Build your own Google
Summary: In an earlier post I talked a bit about a start-up called Kickfire who are releasing an accelerated database appliance for MySQL applications in the 1TB-3TB range that gives comparable performance to an equivalent Oracle RDBMS setup for around a quarter of the price.Kickfire sounds compelling for utility LAMP computing applications that need to be fast and cheap, but it doesn’t address ultra-scalable and cheap, at least not yet.
In an earlier post I talked a bit about a start-up called Kickfire who are releasing an accelerated database appliance for MySQL applications in the 1TB-3TB range that gives comparable performance to an equivalent Oracle RDBMS setup for around a quarter of the price.
Kickfire sounds compelling for utility LAMP computing applications that need to be fast and cheap, but it doesn’t address ultra-scalable and cheap, at least not yet.
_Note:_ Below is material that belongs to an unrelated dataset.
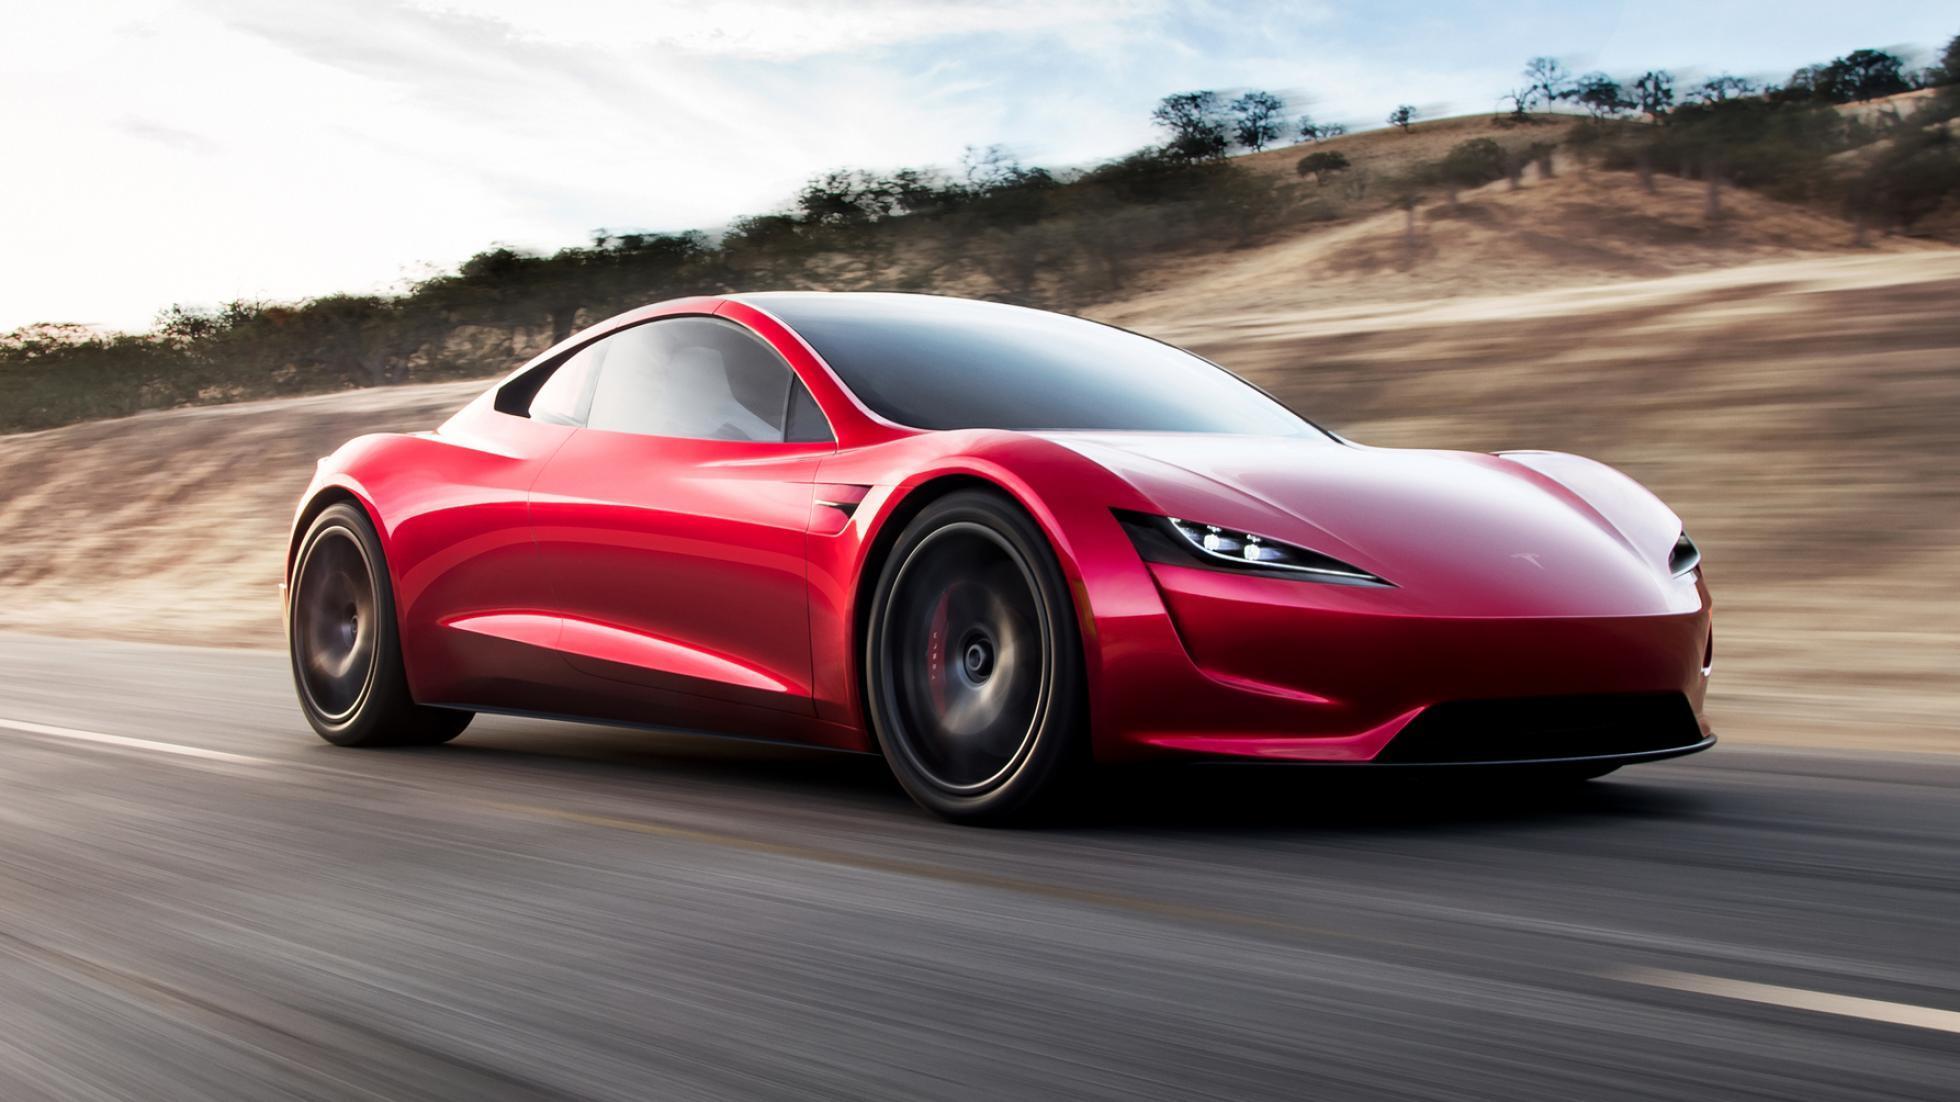 Surprise! It's the new 402kph Tesla Roadster

If you want to build some big Web 2.0-type application, such as a Facebook, a Yahoo or a Google, or even something very storage and database intensive like a bioinformatics application or geophysical data modeling, you are going to need to store very, very large amounts of data, in the hundreds of terabytes.
![]() |
| Credit: Dreamworks Animation LLC |
Another new company, Aster Data, which was formed by a group of Computer Science PhD’s from
Aster uses the same philosophy to scaling databases the same way “Beowulf” clusters are used for compute-intensive applications, such as with CGI render-farms and DNA-sequencing, high-energy physics and weather simulation. But instead of just distributing application memory and CPU cycles over a large number of nodes using a shared memory and parallelism API like MPI-2, where slave nodes boot off a high-speed network (such as Myrinet, multiple bonded gigabit interfaces or 10GigE) on a master node that issues instructions and use shared storage, Aster uses a massively parallel “Beehive” approach for database storage, where “Worker” nodes, each with their own storage, CPU and memory are provisioned and controlled by “Queen” and “Loader” nodes.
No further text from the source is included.